In light of this progressive pulmonary process inadequately characterized with traditional bronchoscopic sampling methods, the patient underwent a second bronchoscopy with transbronchial cryobiopsies. Four transbronchial cryobiopsies (0.5 cm in the greatest dimension each) were obtained from different segments targeting peripheral and central areas of the lesion in the involved right lower lobe using a previously detailed technique with a 1.9 mm‐sized cryoprobe without guide sheath (Fig. 2) 2. The biopsy site was first interrogated with radial endobronchial ultrasound probe to confirm appropriate targeting of consolidated parenchyma and presence of significant vasculature. The technique of performing transbronchial cryobiopsies for focal parenchymal lesions is similar to that of diffuse parenchymal lung disease (DPLD), except that the optimal area of biopsy in DPLD is at 1–2 cm from the pleura. Surgical pathology demonstrated necrotizing granulomatous inflammation with neutrophilic microabscesses within the granulomas (Fig. 2). Gomori methenamine silver staining demonstrated frequent large yeast forms with broad‐based budding, consistent with Blastomyces dermatiditis (Fig. 2). Magnetic resonance imaging of brain excluded central nervous system involvement. She was referred to the infectious disease service and treated with itraconazole (200 mg twice daily). Since starting treatment her weight has remained stable with decreased cough nausea and fatigue. Follow‐up imaging showed almost complete resolution of right lower lobe consolidation and nodularity.

Discussion

Pulmonary blastomycosis is an uncommon disease caused by a dimorphic fungal infection endemic in south‐eastern, south central, and mid‐western states of the USA. Pulmonary involvement is reported in approximately 50% of cases 3. More than 80% of the time, non‐invasive samples (sputum, tracheal secretions, gastric wash) are diagnostic 3. When invasive methods are used, bronchoscopy with BAL (67% reported yield) and localized transbronchial biopsies (22% reported yield) are the first approach, followed by more invasive surgical approaches depending on the location of disease 3, 4.

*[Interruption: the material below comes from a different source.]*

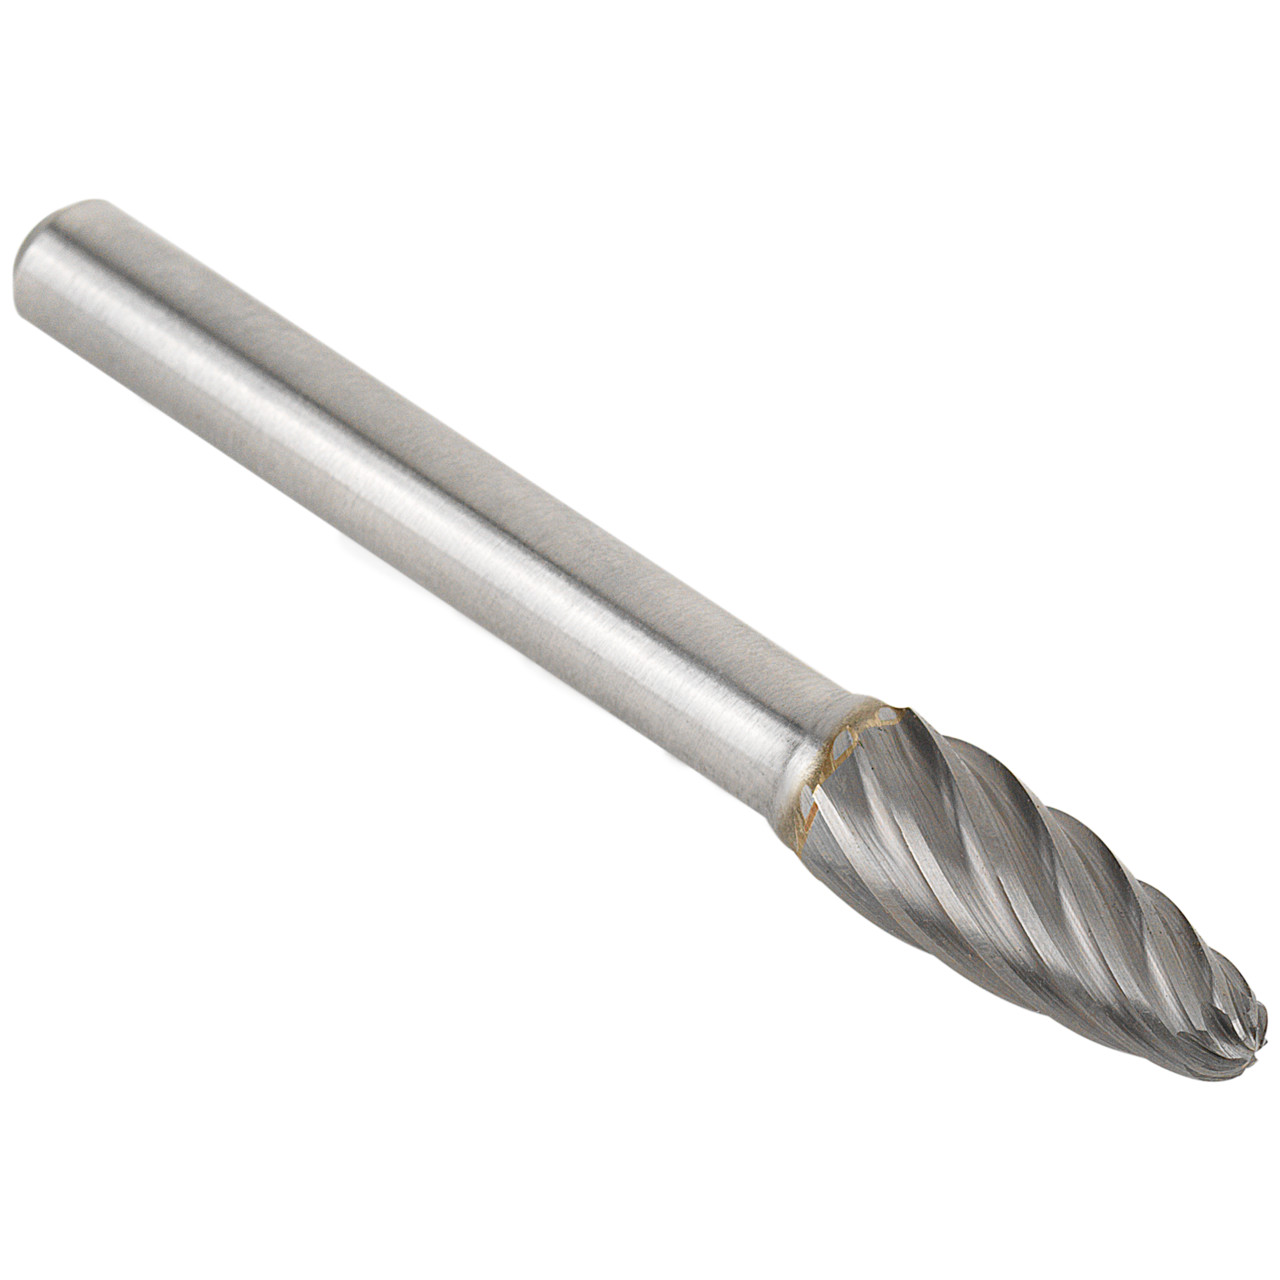 Tyrolit Hardmetalen frees DxT-SxL 6x18-6x50 Voor roestvrij staal, vorm: 52RBF - boom, Art. 34213624

Blastomyces dermatitidis has been called “the great masquerader” or “pretender” because of the variety of ways in which it can initially present. While it most commonly causes a dense consolidation resembling bacterial pneumonia, other manifestations include nodule or mass‐like lesions that mimic bronchogenic carcinoma or it may present as acute respiratory distress syndrome (ARDS) 3, 4. Cultures from sputum, BAL, or tissue require up to 30 days for growth with definitive identification and, on average, five weeks between presentation and diagnosis. Misdiagnosis is common, with bacterial pneumonia, malignancy, and tuberculosis being the most common initial considerations. This can lead to additional delays causing significant morbidity in patients owing to several weeks of inadequate antibiotics and dissemination of disease, especially in the immunocompromised.

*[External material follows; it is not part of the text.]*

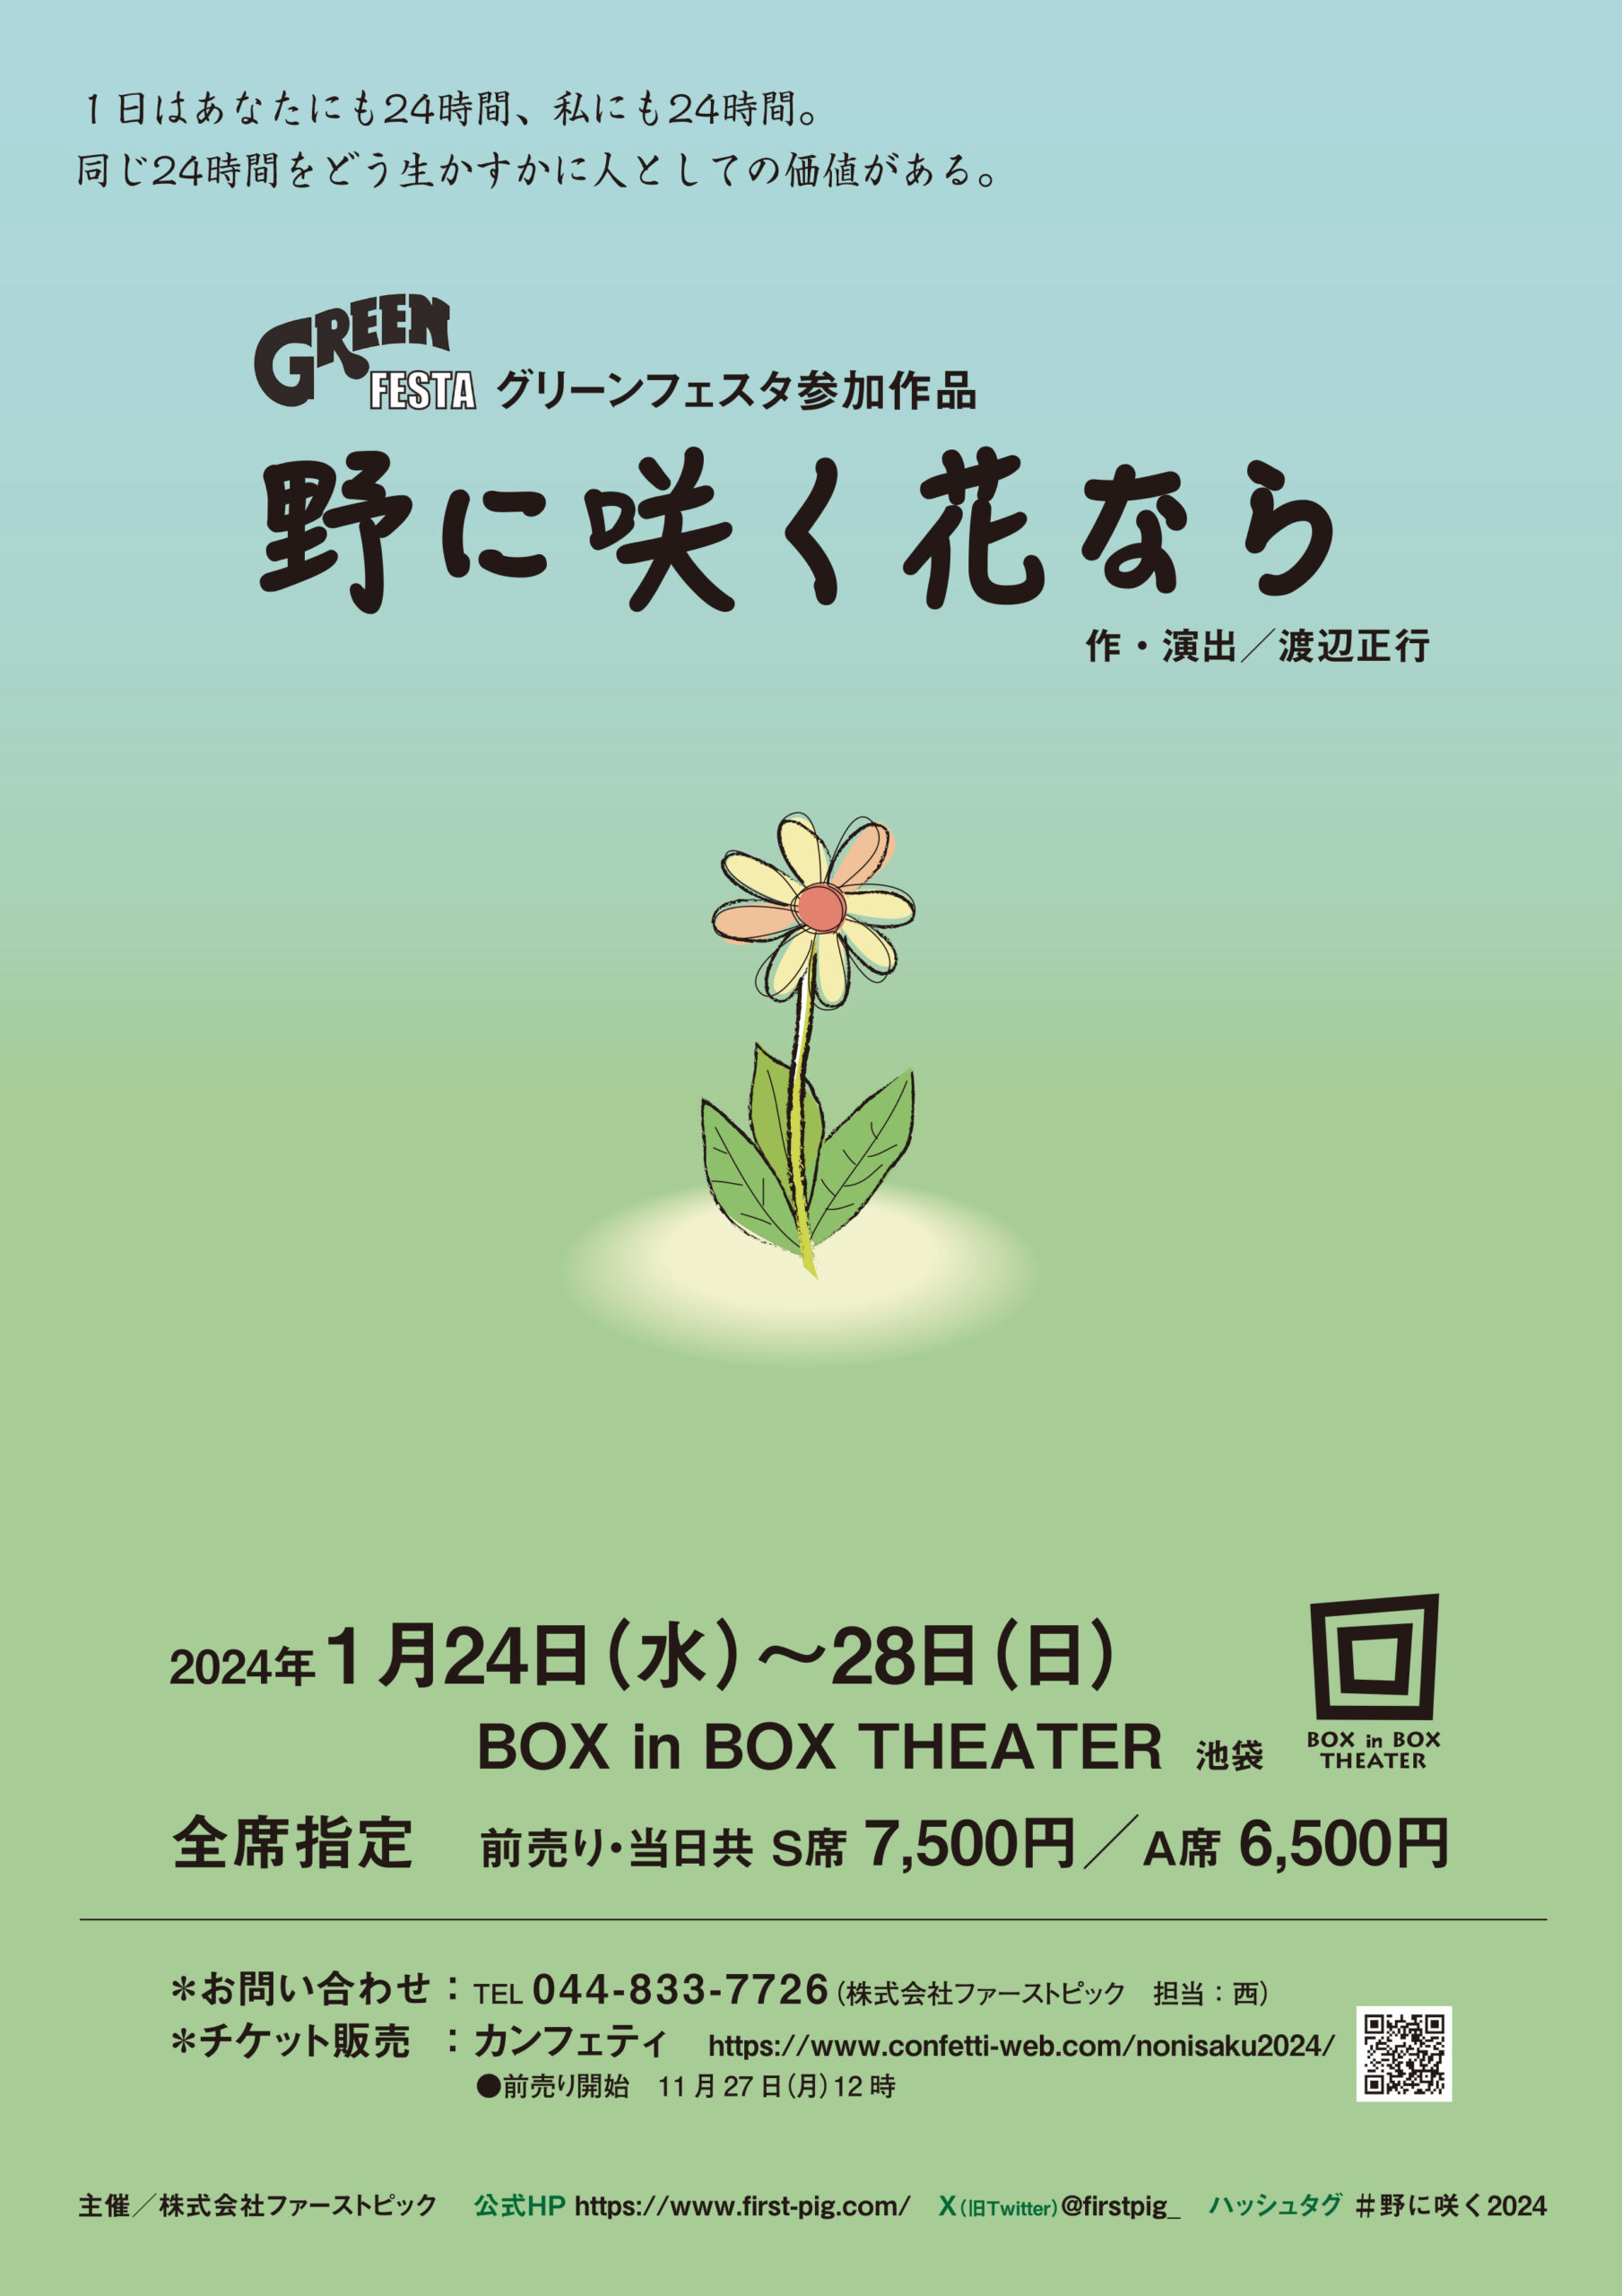 【GREEN FESTA 2024 参加作品】<br>『野に咲く花なら』

Few reports have been published regarding the use of diagnostic transbronchial cryobiopsy in non‐interstitial lung disease pathology 5. A case series performed on immunocompromised patients with pulmonary infiltrates reported one case of cryptococcosis diagnosed out of 11 patients with pulmonary infiltrates 5. Other diagnosis included non‐caseating granulomatous inflammation, acute interstitial pneumonitis consistent with drug reaction, non‐specific interstitial pneumonia fibrotic variant, diffuse alveolar damage, and organizing pneumonia 5.

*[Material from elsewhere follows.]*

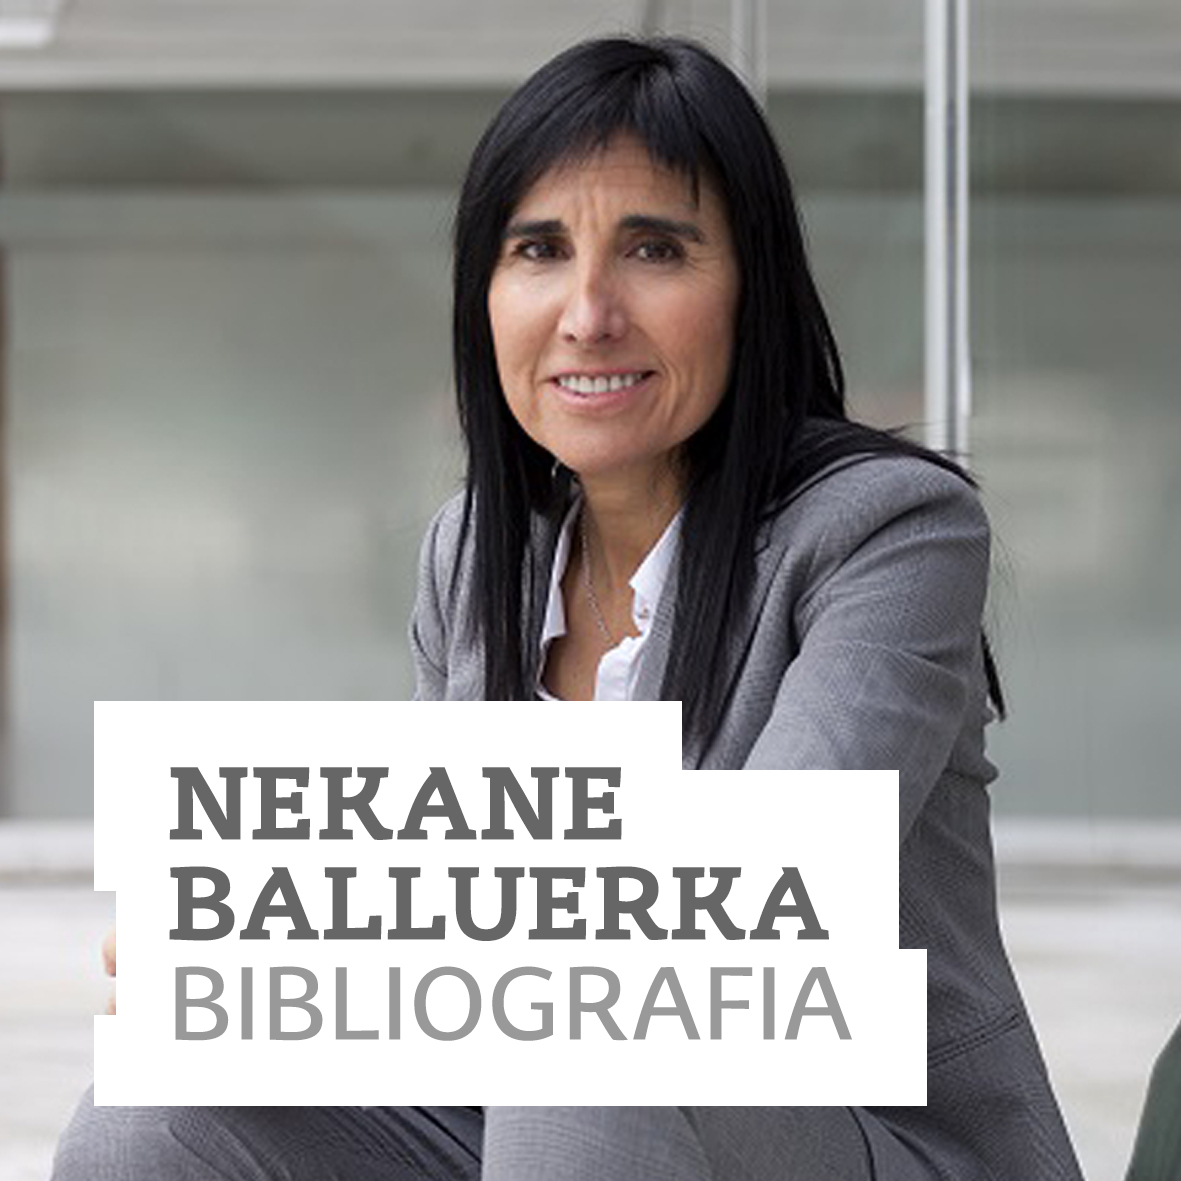 Nekane Balluerka

In our patient, transbronchial cryobiopsy diagnosed pulmonary blastomycosis after non‐invasive testing, and bronchoscopy with BAL and forceps biopsy had proven non‐diagnostic. This is, to our knowledge, the first case of blastomycosis diagnosed via bronchoscopic cryobiopsy after negative standard forceps biopsies. Cryo‐freezing has not been associated with a limitation to culture organisms. Transbronchial cryobiopsy is a feasible second‐line strategy before consideration for surgical lung biopsy in undiagnosed pulmonary infiltrates, including infections, if initial non‐invasive testing is not diagnostic.

Disclosure Statement

Appropriate written informed consent was obtained for publication of this case report and accompanying images.